The question is why Suu Kyi is making an issue out of it
now. She would have been aware of the oath of office prior to the election and
should have mentioned it in the campaign. A more likely reason would be to try
to slow down the West’s normalisation of relations until there is more
substantive progress. On the same day as the parliamentary boycott, the EU agreed
to suspend most of its sanctions against Burma for a year.

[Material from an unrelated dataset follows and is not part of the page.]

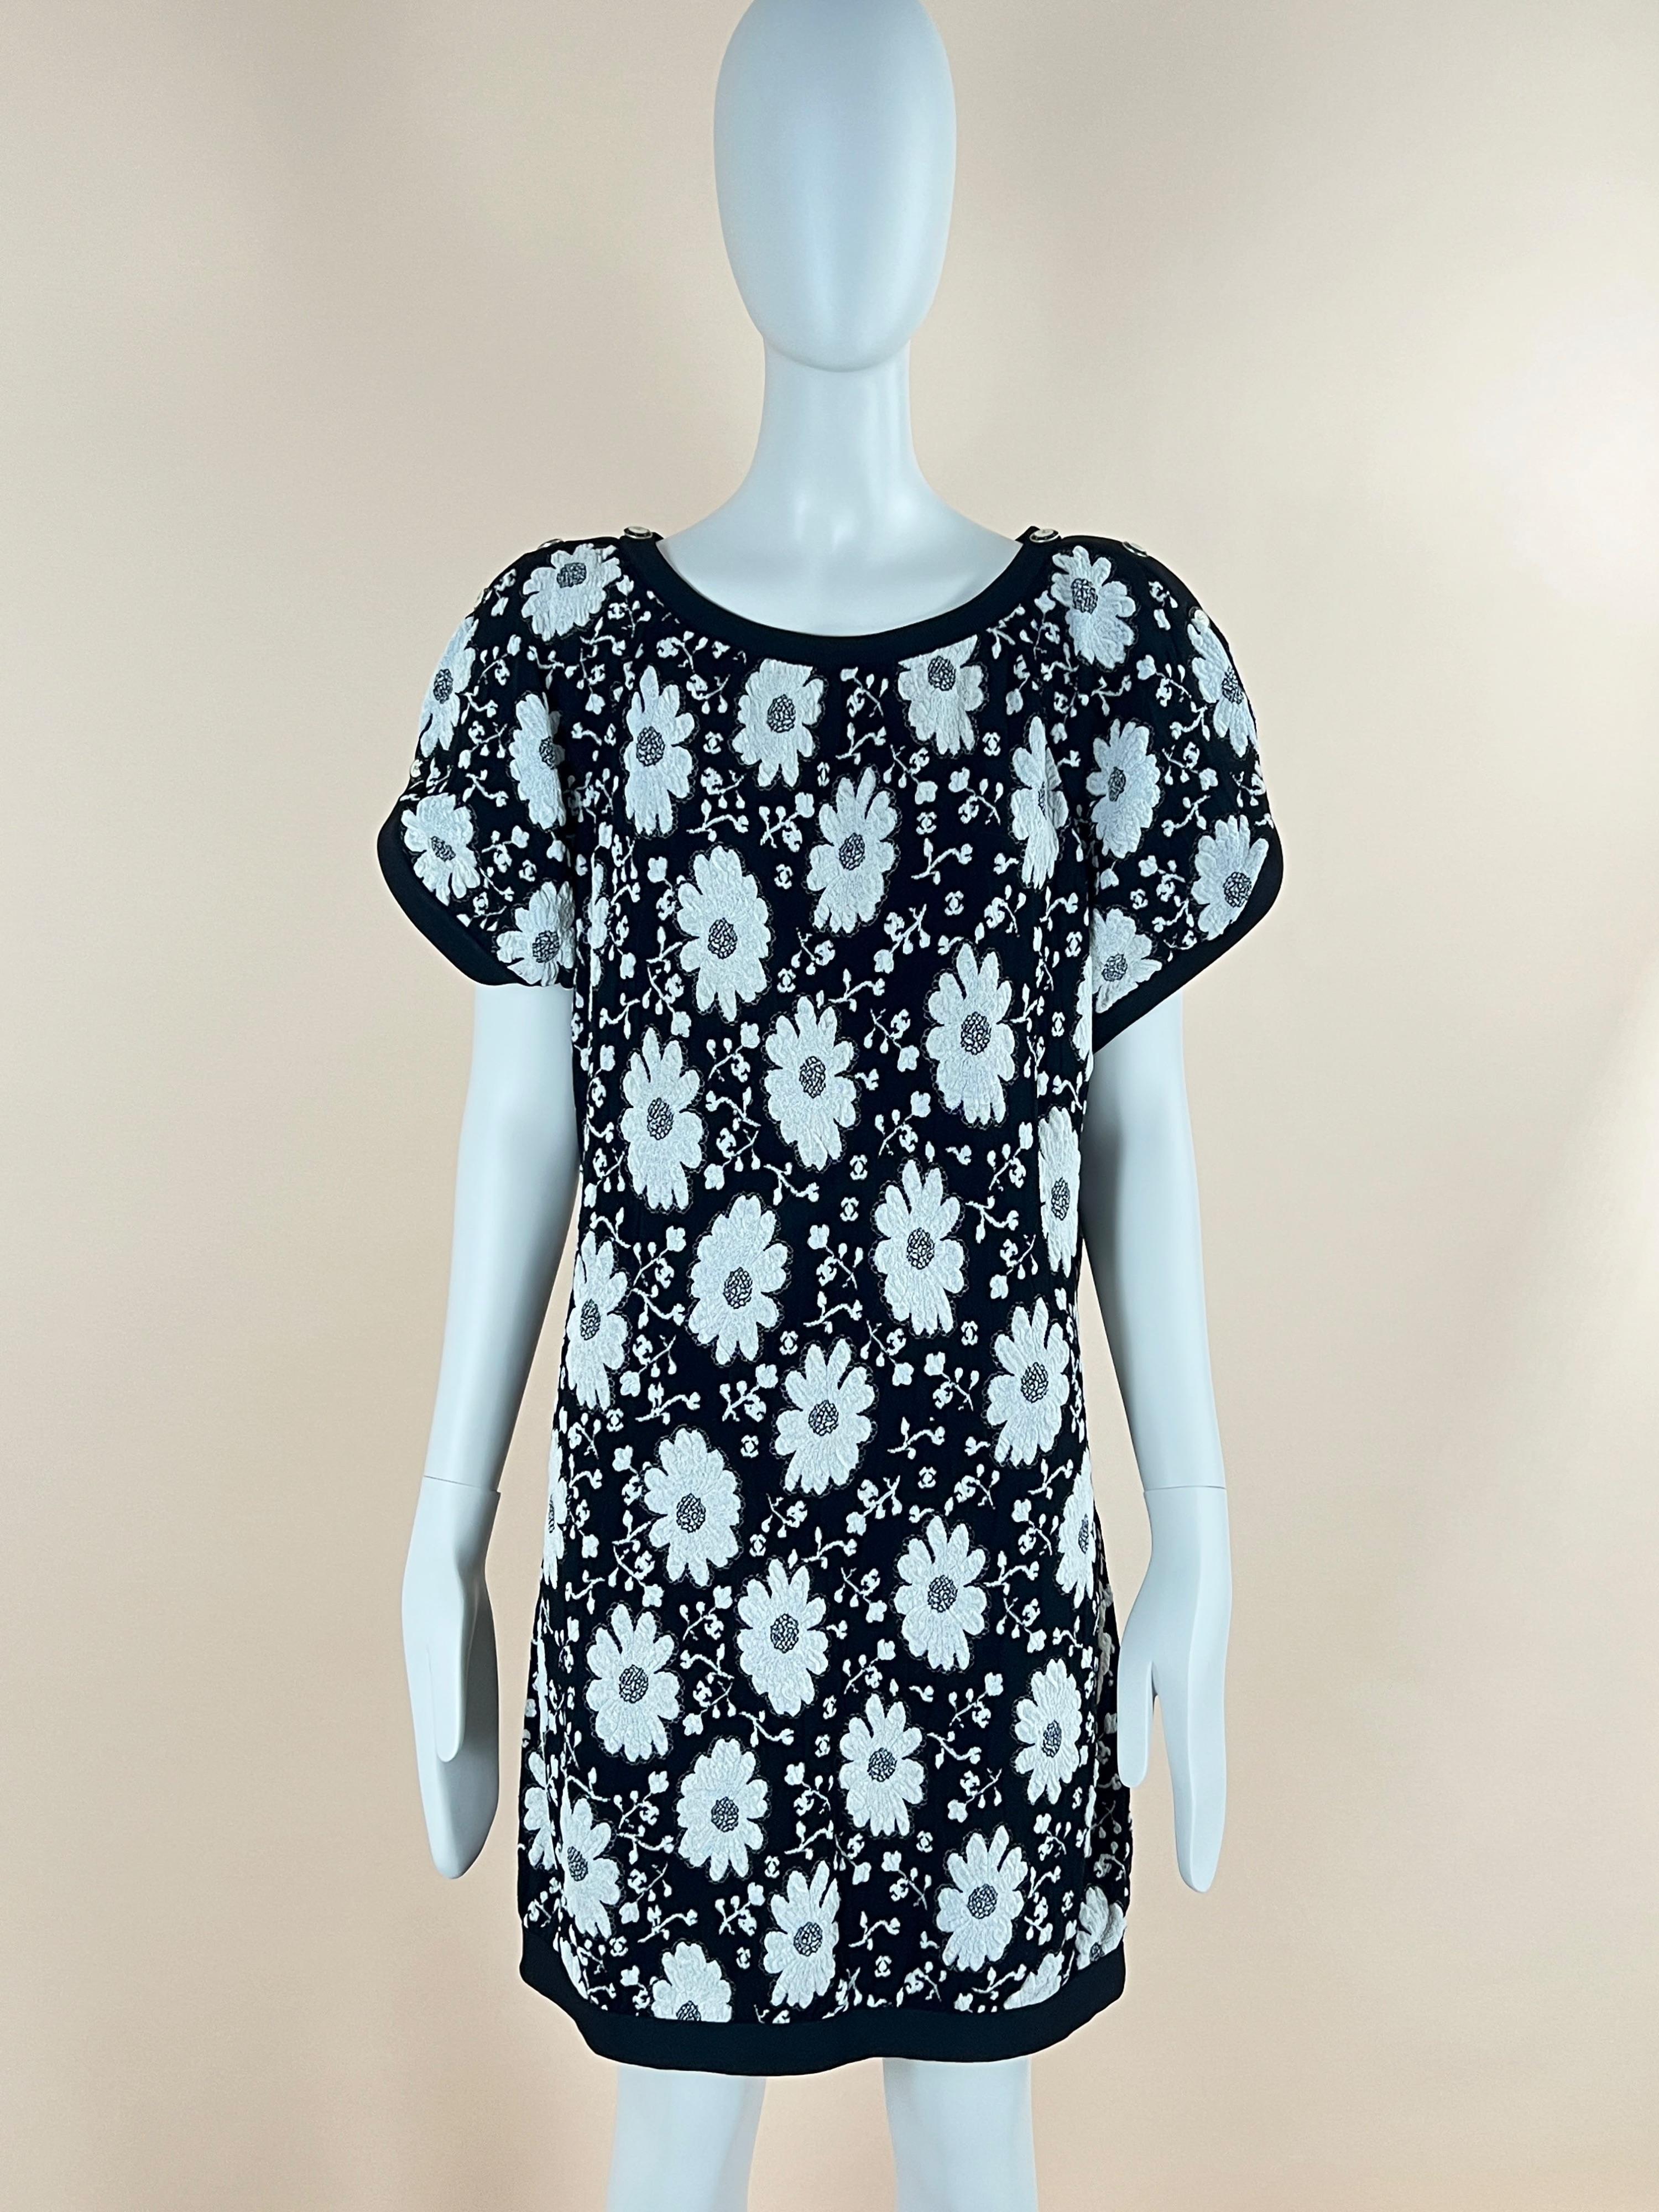 Chanel Singapore `Collection Camellia Runway Dress 2

Burmese exiles say the West is going too fast. Soe Aung of
the Forum for Democracy in Burma said the EU has suspended sanctions knowing that its own benchmarks on Burma have
not been met: the unconditional release of all political prisoners and a
cessation of attacks against ethnic minorities. The suspension allows European companies to
invest in Burma, which has significant natural resources and borders economic
giants China and India. British PM David Cameron said changes were not yet
irreversible, “which is why it is right to suspend rather than lift sanctions
for good.” Yet it seems highly unlikely that once opened, big business would
allow the door to be shut again. Only the immense counterweight of Suu Kyi’s
public profile stands between the Burmese Government and Western spoils of
commerce without the inconvenience of a public reckoning.